Here’s a question to consider when coding and billing for services performed as part of an accountable care organization (ACO):  who pays providers’ standing claims if the ACO dies?
If the State of Utah has its way, seven payers will have to pony up $26.6 million in unpaid claims for the Arches Health Plan, which folded in 2015.  The ACO had 45,000 members at the time. Utah’s Insurance Department told legislators last year it would be able to reimburse providers for $10 million from Arches’ coffers, but that still left the balance.

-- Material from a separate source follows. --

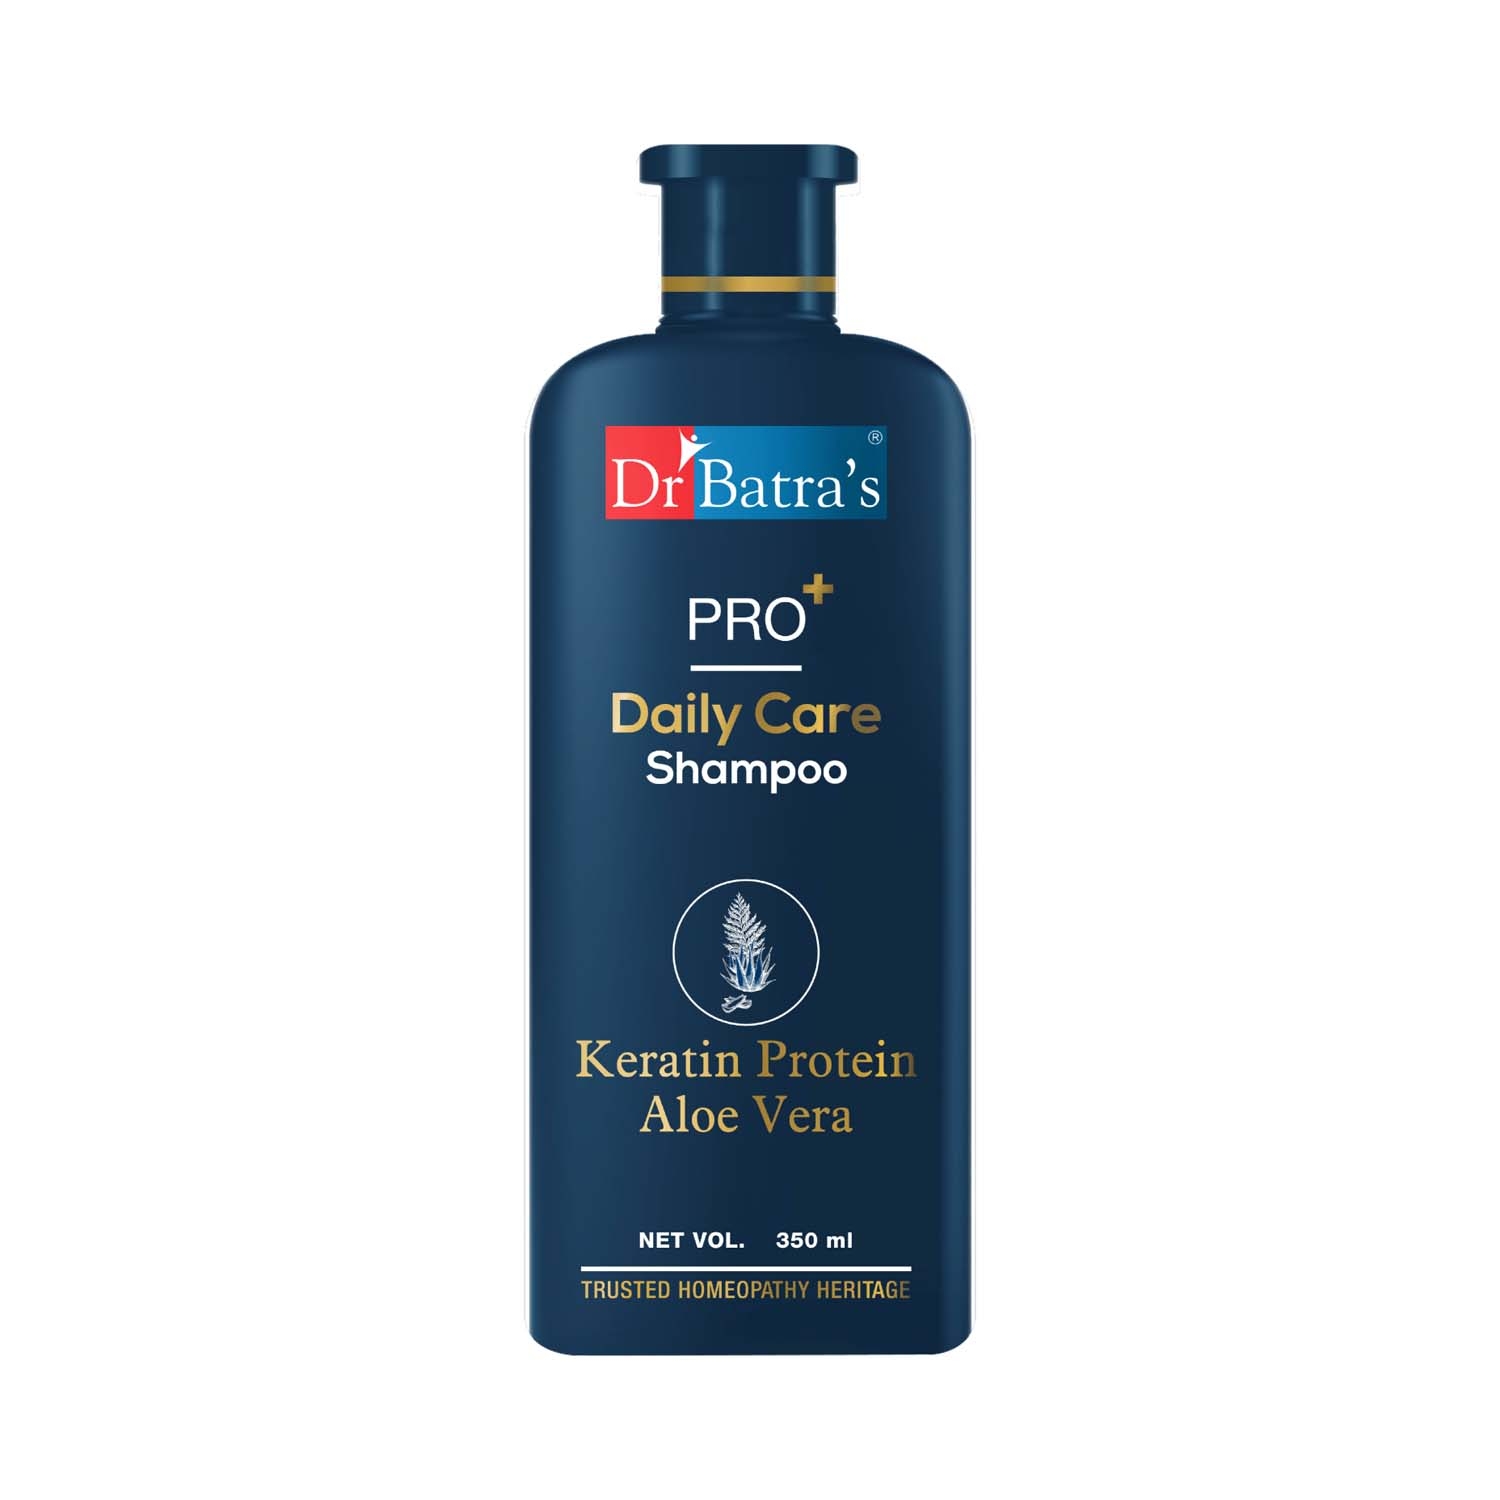 Dr Batra's Pro Daily Care Enriched With Keratin Protein Shampoo (350ml)

Utah Leans on Old Tradition

In its lawsuit, the department is citing Utah law, stating an organization that manages the assets of a defunct insurer” may require all solvent health maintenance organizations to pay for covered claims incurred by the enrollees of the insolvent organization.  The law is based on an insurance custom where payers would step in to protect members of carrier if that carrier closes. The law also outlines the insurers should be required to pay for unmet claims proportionate to their earnings from premiums in the prior year, according to the state’s motion.
Utah is asking local payer SelectHealth to pay 57.75 percent of the $26.6 million in unpaid Arches claims. Aetna is being asked to pay 15.72 percent, Molina Healthcare’s share is 11.18 percent, and United Healthcare is to produce 11.95 percent. Bridgespan Health is the luckiest, with only .27 percent asked, Health Choice of Utah is being asked for .48 percent, Humana must provide 2.65, the state calculates.

No Love for Arches ACO

Molina and United Healthcare are fighting back, claiming the law only requires payers to adopt members of the failing company so that no members are left without coverage. SelectHealth argues the law is unconstitutionally vague.
The Arches ACO is $90 million in debt to the federal government and owes $2 million in advertising and broker payments. However, Utah hopes that a class action suit against the federal government for late payments from the Affordable Care Act’s (ACA) risk program will net $57 million, helping to defer the cost.
Above all, state officials hope the department will be able to recoup enough money that it will be able to pay back providers left in the lurch.  And with the Merit-based Incentive Payment System (MIPS)  promoting ACOs, the precedent is noteworthy.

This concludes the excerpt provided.